In Fifth at Bat, Giants Try to Get Baseball Out of Candlestick Park

AFTER 35 years of swirling winds dropping fly balls in odd corners of the outfield and fans wearing winter coats in August, the San Francisco Giants are trying once again to escape from the infamously inclement confines of Candlestick Park.

San Franciscans have twice rejected proposals to authorize a new stadium, the last time in 1989, and two subsequent proposals to build a park in other cities further south in the Bay Area were also denied. But the Giants are hopeful of a victory in a vote next month.

What's feeding the optimism is that this time the Giants are asking for almost no taxpayer funding. This would be the first privately built and financed baseball-only facility since Dodger Stadium was put up in the early 1960s. This approach has been followed, however, in recent years to finance multi-use arenas such as Portland's new Rose Garden.

The Giant's proposal is sending ripples throughout the professional sports business. More than a third of the 113 teams in the four major-league sports (baseball, football, basketball, and hockey) are seeking to change their facilities, according to a report from Fitch Investors Service.

In almost all other cases, the team owners are trying to force local and state governments to come up with all or much of the funding for a new facility. In Cincinnati, for example, voters are being asked in a March 19 primary to approve a one-half-cent sales tax increase to help finance two stadiums - one for the baseball Reds and one for the football Bengals, both of which want out of the dual-use Riverfront Stadium built in 1970. In Detroit, the Tigers, owned by pizza mogul Mike Ilitch, want the city and state to put up $95 million (the Tigers will kick in $140 million) for a new stadium.

''Teams in other cities are worried we're going to succeed,'' says Giants chief financial officer John Yee. ''Other cities will say, 'if they do it, why should we give you public monies?''' he says.

The Giants' current owners, who took over the team in 1992, propose to privately finance almost all the estimated $225 million cost of a new stadium, with the exception of a small $10 million loan from the city's redevelopment agency to pay for public spaces around the park.

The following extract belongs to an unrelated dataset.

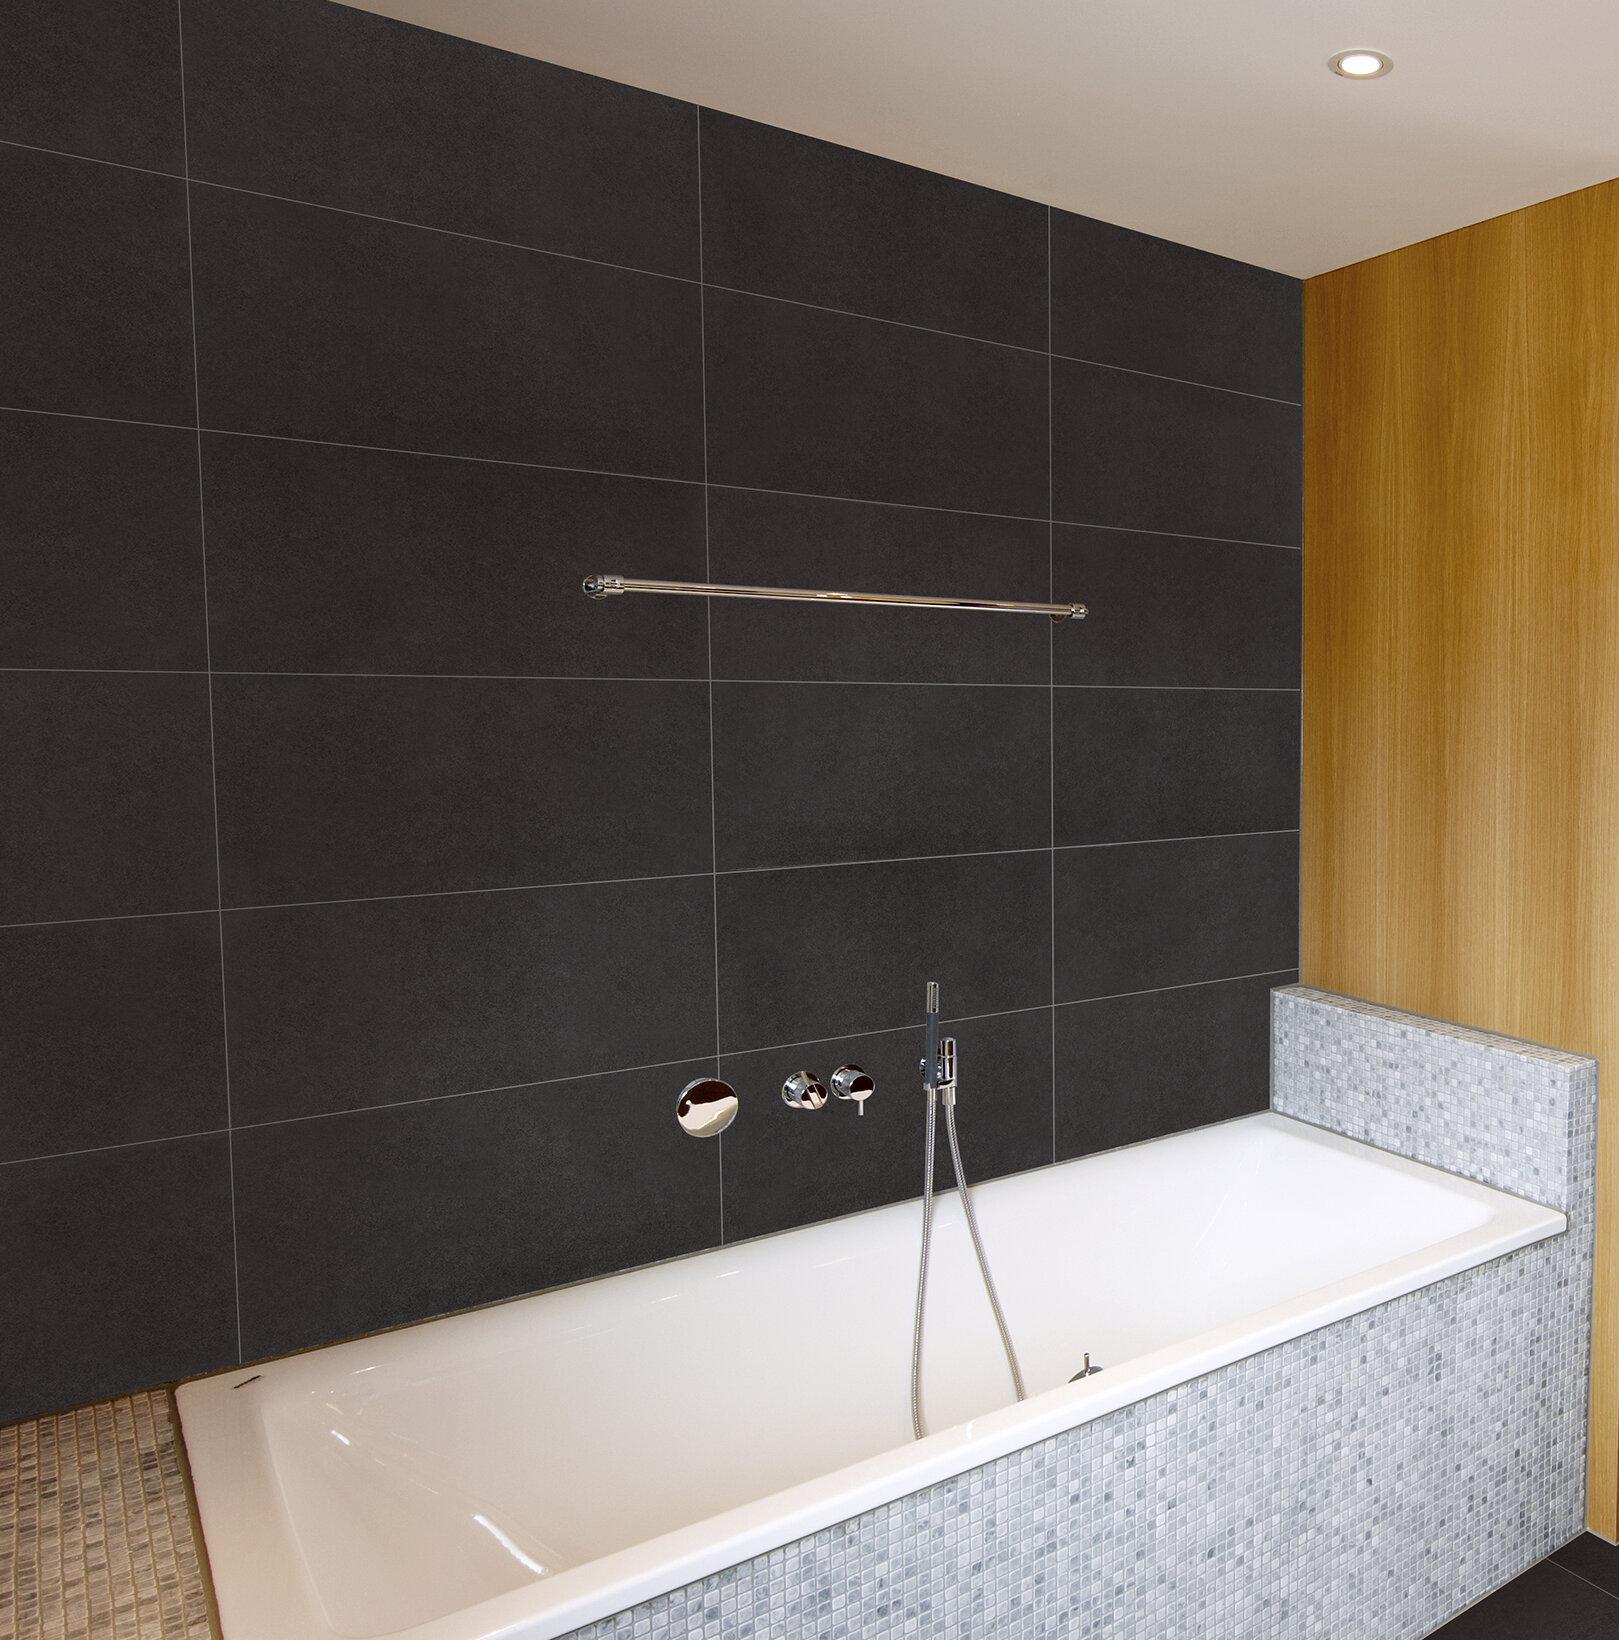 Msi Dimensions Graphite 12 X 24 Porcelain Field Tile In Gray Reviews Wayfair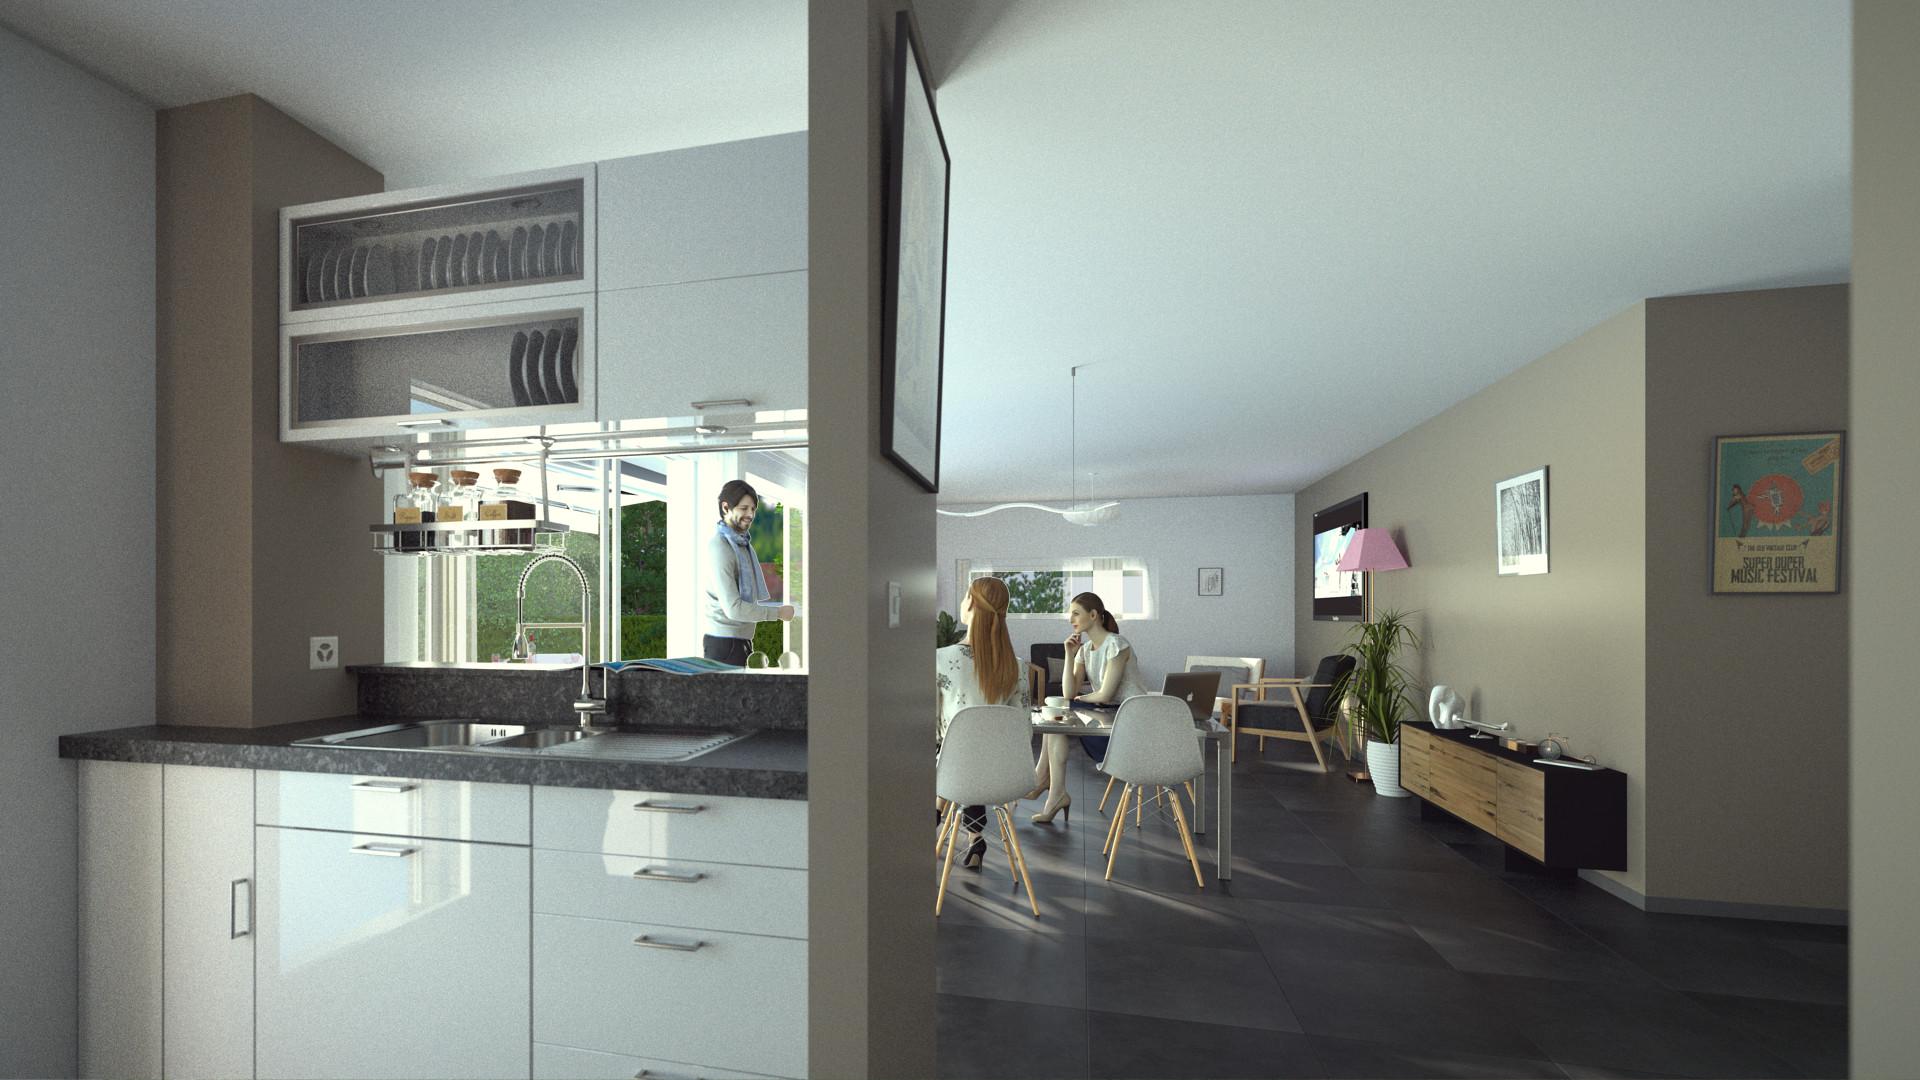 Duane kemp house model test 2 scene 8 kitchen living rm 2pt ext combined

Some $100 million would come from corporate sponsorships and sales of permanent ''seat licenses'', with another $145 million to be borrowed and paid back out of operating revenues.

The ballpark itself is modeled on the highly successful retro-look downtown stadiums that have opened to capacity crowds in recent years in Baltimore, Cleveland, and Denver. The new proposed facility would move to a downtown bayside site, China Basin, currently largely undeveloped and serviced, unlike the current site, by rail, subway, and bus services.

Most important, the Giants have carried out extensive wind-tunnel and other studies to design a park at the site that they claim will not reproduce Candlestick's sometimes Siberia-like conditions.

The Giants still must pass the public-approval hurdle, needing a vote to change a city ordinance limiting the height of bayside buildings. They've lined up an impressive galaxy of backers, from the newly elected Mayor Willie Brown to independent conservative State Sen. Quentin Kopp. A recent poll showed the measure has a 2-1 backing.

But the poll also revealed that a majority of city voters don't trust the Giants' promises that the funding would not come out of taxpayer funds. This will probably cheer the small, but vigorous group opposing the ballpark measure, San Franciscans for Planning Priorities '96. They argue that the proposal does not take into account hidden costs, such as environmental cleanup and extra traffic.

Opponents accuse the Giants of pushing through a quick vote on the March 26 primary ballot. ''As people understand what this ordinance is and what they're voting on, they're going to say no,'' predicts opposition campaign coordinator Jim Firth.